Name: tokens, dtype: object

In [47]:
# 토크나이저 & POS tagging
import pandas as pd
from ekonlpy.tag import Mecab
from multiprocessing import Pool

# Initialize Mecab
mecab = Mecab()

def tokenize_and_pos(text):
    """ Tokenize and perform POS tagging using Mecab. """
    return mecab.pos(text)

def process_in_batches(df, batch_size=1000, output_prefix='processed_batch'):
    """ Process data in batches to handle large datasets and save intermediate results. """
    for start in range(0, len(df), batch_size):
        end = min(start + batch_size, len(df))
        batch = df.iloc[start:end].copy()  # Create a copy of the slice
        batch['tokens_pos'] = batch['Content'].apply(tokenize_and_pos)
        # Save intermediate results
        batch.to_csv(f'{output_prefix}_{start}.csv', index=False)

def parallel_process(df):
    """ Use parallel processing to speed up the tokenization and POS tagging. """
    with Pool() as pool:
        df['tokens_pos'] = pool.map(tokenize_and_pos, df['Content'])
    return df

def main():
    # Load your dataset (adjust the path to your file)
    df = pd.read_csv("corpus_data.csv")  # Ensure your CSV file has a column named 'Content'

    # Process in batches
    process_in_batches(df, batch_size=1000, output_prefix='processed_batch')
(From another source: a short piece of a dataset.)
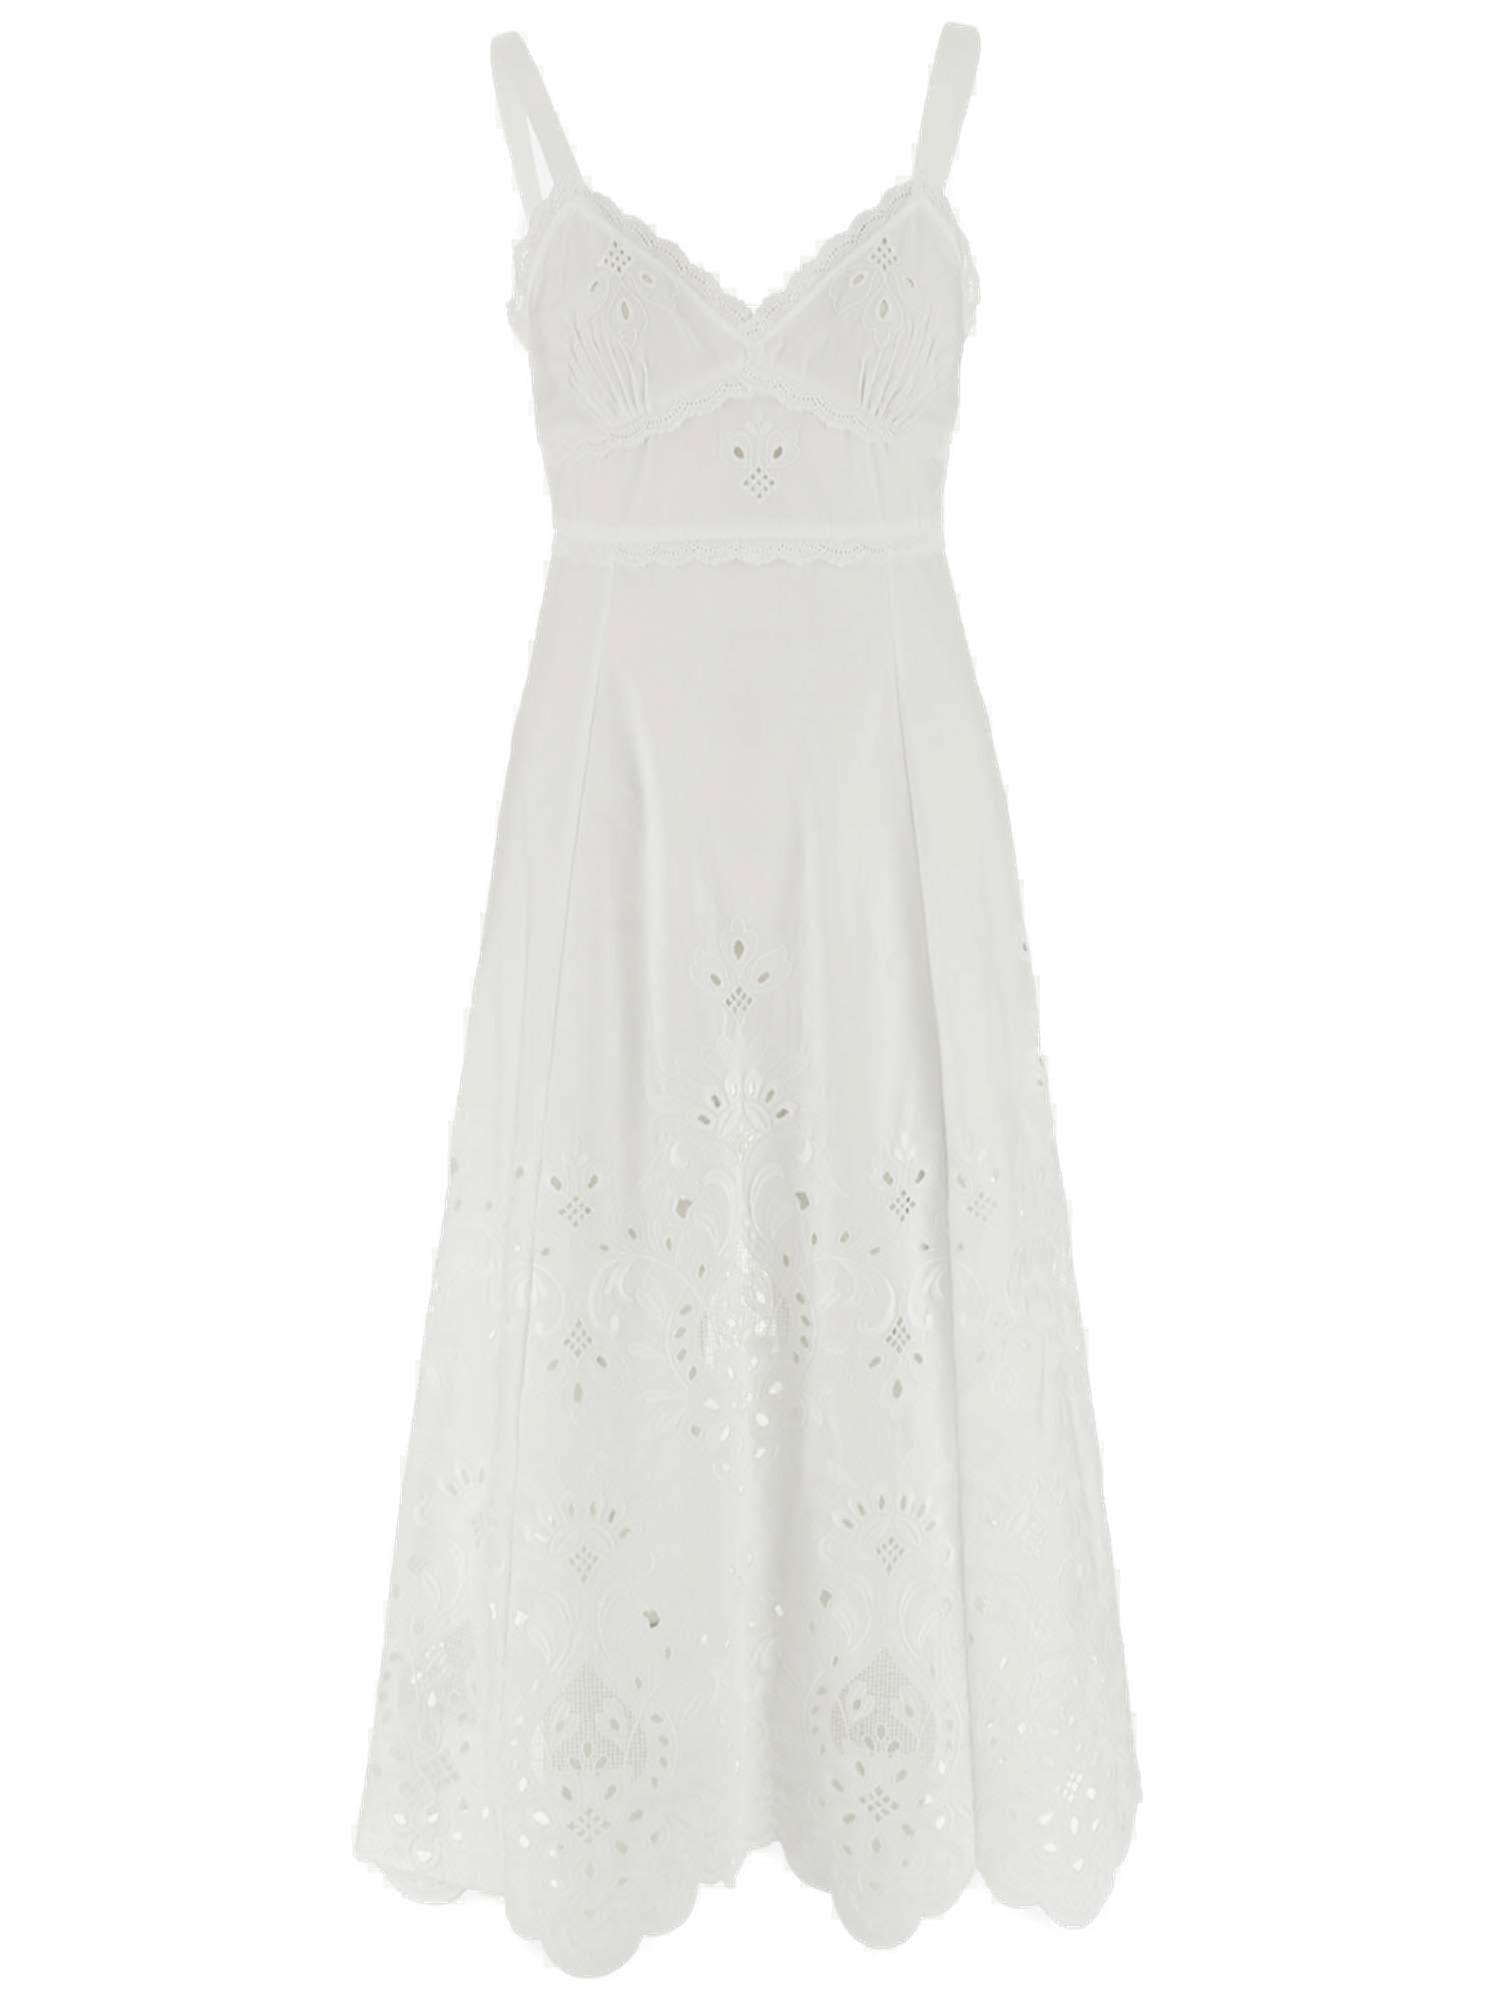 Dolce & Gabbana Cut Out Embroidered Dress

    # Combine all intermediate results into a final file
    import glob
    import os

    # List all batch files
    batch_files = glob.glob('processed_batch_*.csv')

    # Initialize an empty DataFrame for the final result
    final_df = pd.DataFrame()

    # Append each batch file to the final DataFrame
    for batch_file in sorted(batch_files):
        batch_df = pd.read_csv(batch_file)
        final_df = pd.concat([final_df, batch_df], ignore_index=True)

    # Save the final result to a different name
    final_df.to_csv('tokenized.csv', index=False)

    # Optionally, clean up intermediate batch files
    for batch_file in batch_files:
        os.remove(batch_file)

if __name__ == "__main__":
    main()